Identifiers & Verification in a Post-Breach World

Description

Overview: Last year’s Equifax breach shined a light on the limitations of our current identity infrastructure; the theft of sensitive personal data from more than 147 million people – including “secret” data that had been used by consumers and businesses to verify identities online – made clear that some of our legacy systems were no longer good enough.   In the wake of the breach, government and industry have both expressed an interest in solving these problems, and in some cases putting forth new ideas for how to do so. 

This session will outline the challenges the United States faces in delivering secure, reliable identity verification solutions.  It will also discuss potential solutions – some driven by industry, some by government, and some by partnership between the two.  

Federal Presentation

“Where we are, how we got here, and what should happen next”
-Jeremy Grant (and someone from government TBD)

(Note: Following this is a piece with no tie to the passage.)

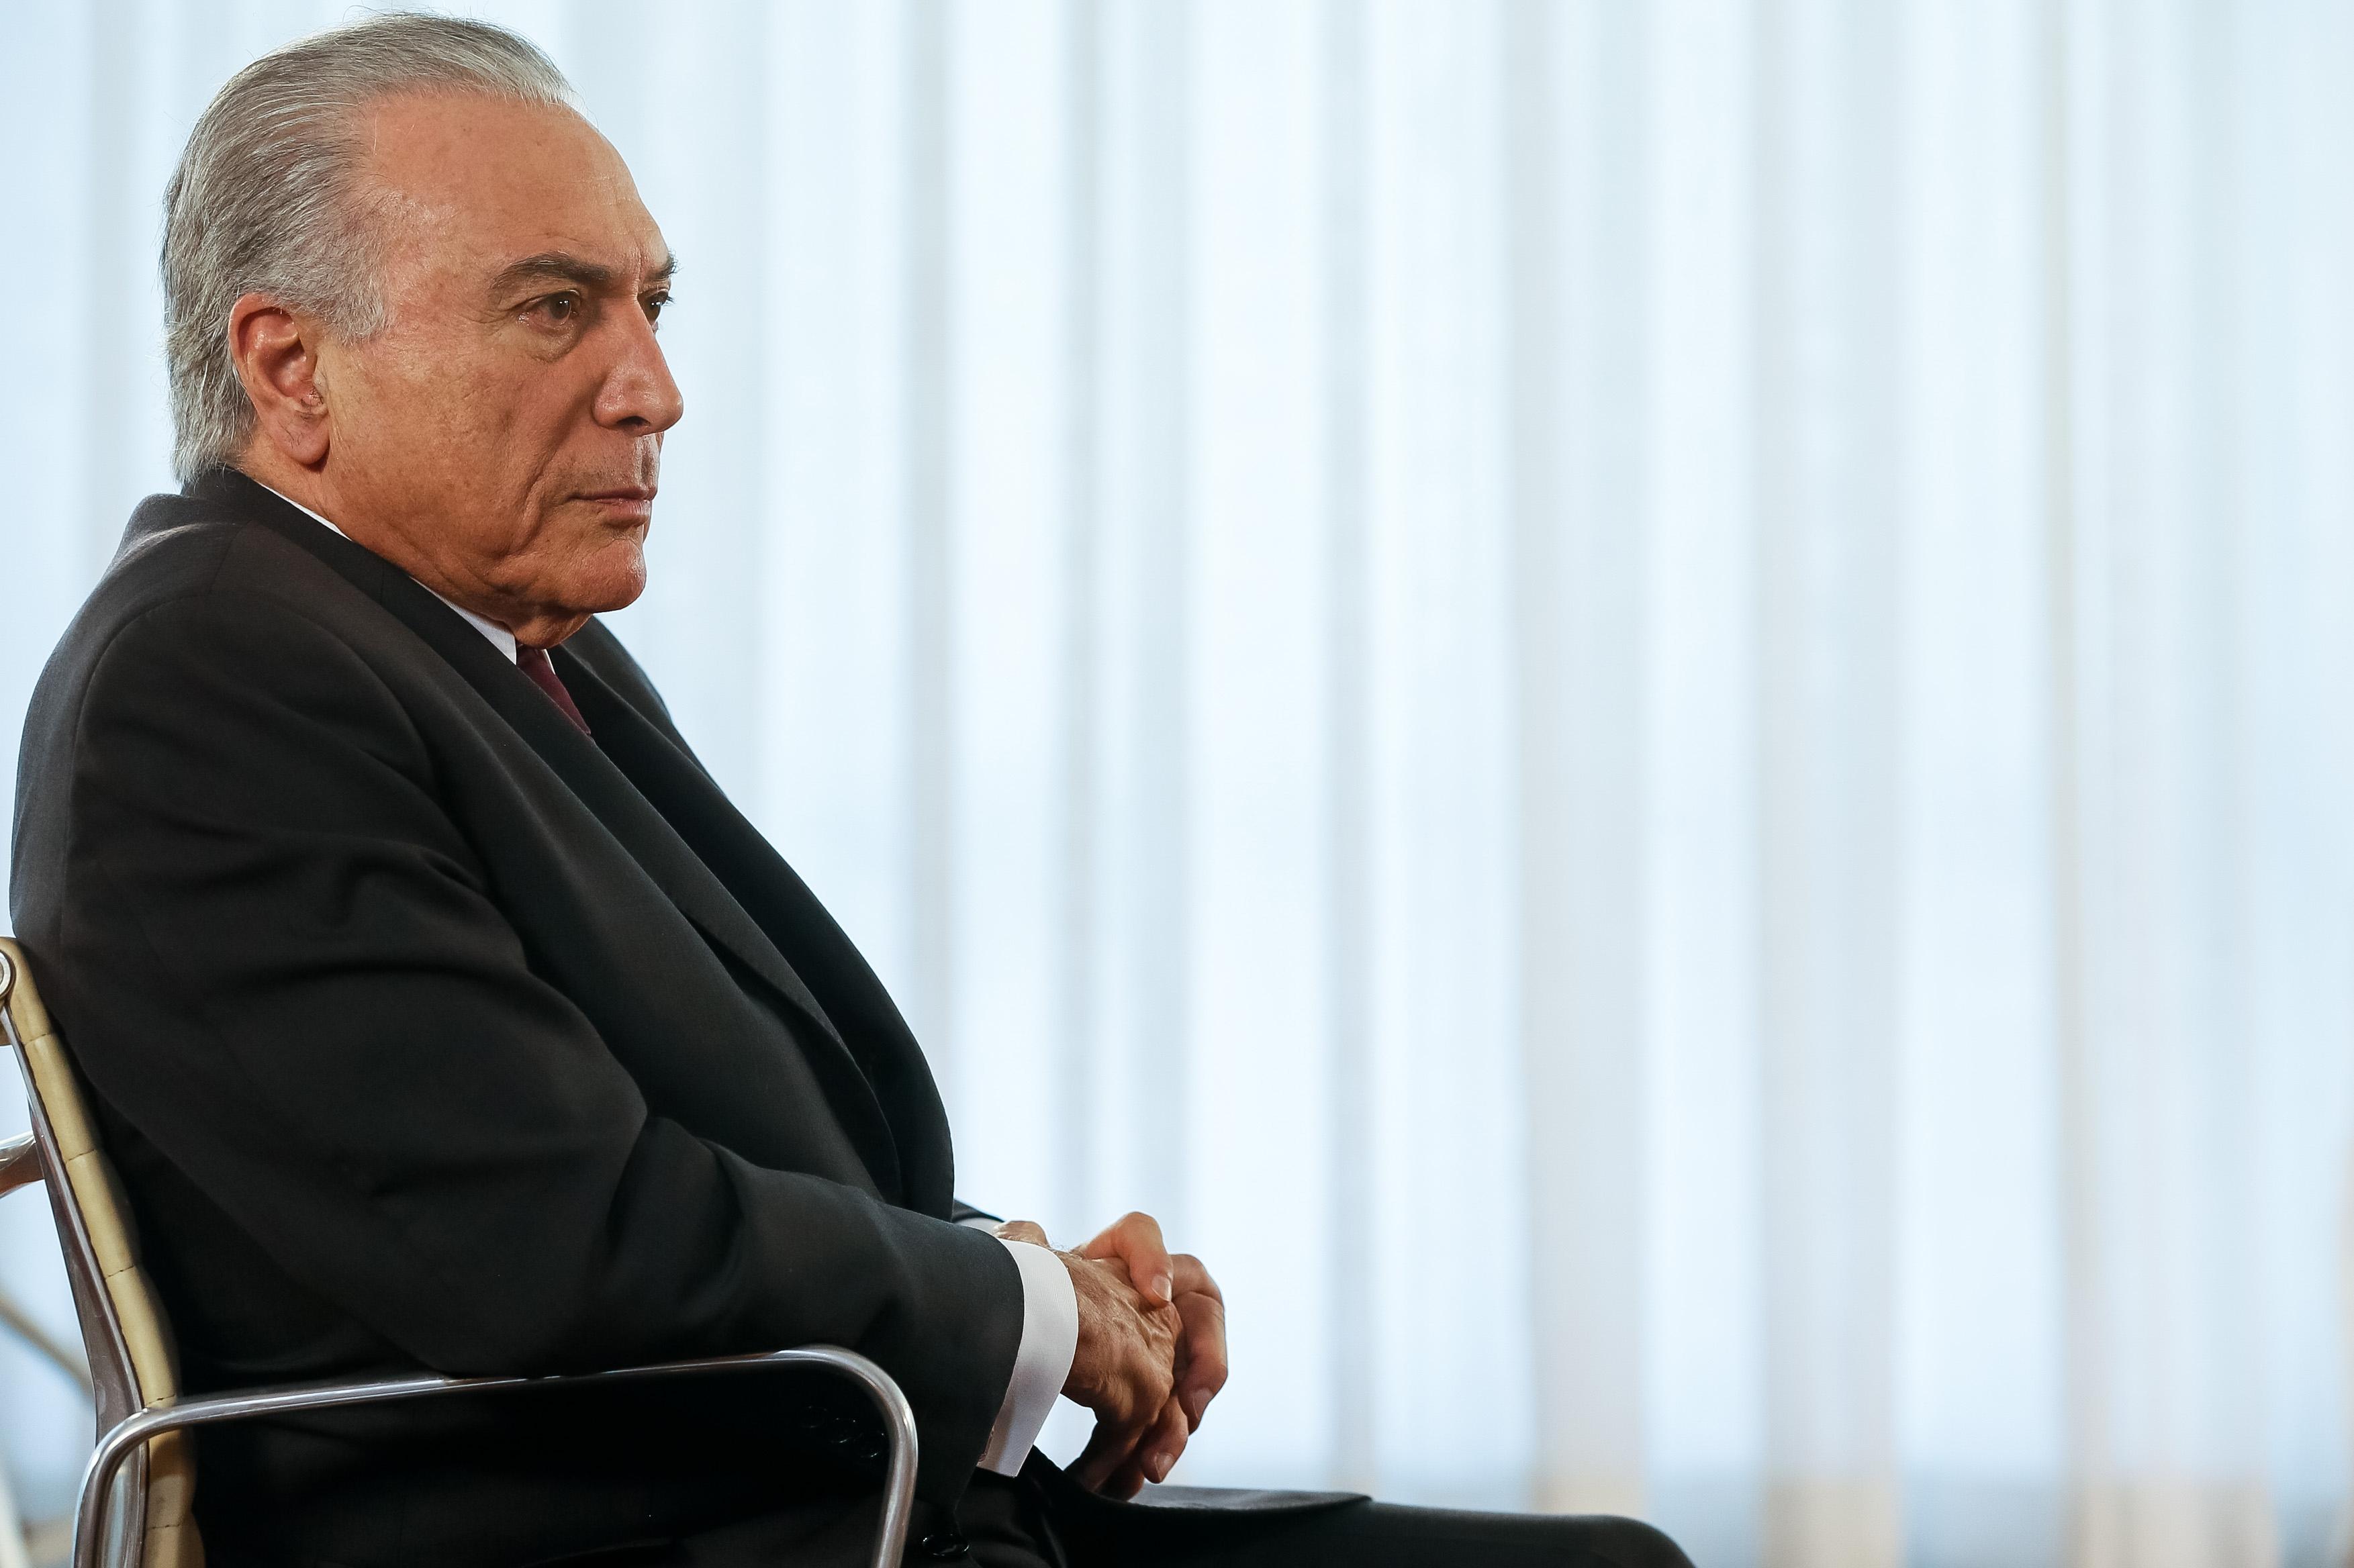 Mesmo com pedidos de impeachment, Temer conta com grande base de apoio - Beto Barata/Fotos Públicas/ND/Divulgação

As House Energy and Commerce Committee Chairman Greg Walden noted in a hearing last year, “Today, the information necessary to compromise identity is readily available to those who wish to find it.”  

An understanding of U.S. challenges with remote identity verification starts with examining the history of identity verification in the digital age.  While the United States has long rejected efforts to create a national ID, the lack of a national ID does not mean that the United States does not have a government-backed identity system.  Instead, a patchwork system has emerged of identifiers and credentials issued by a variety of different Federal, state and local government entities.  Of note, all of these government-administered systems are rooted in physical credentials, i.e., the Social Security card, the Driver’s License, the Passport, the Birth Certificate, etc.  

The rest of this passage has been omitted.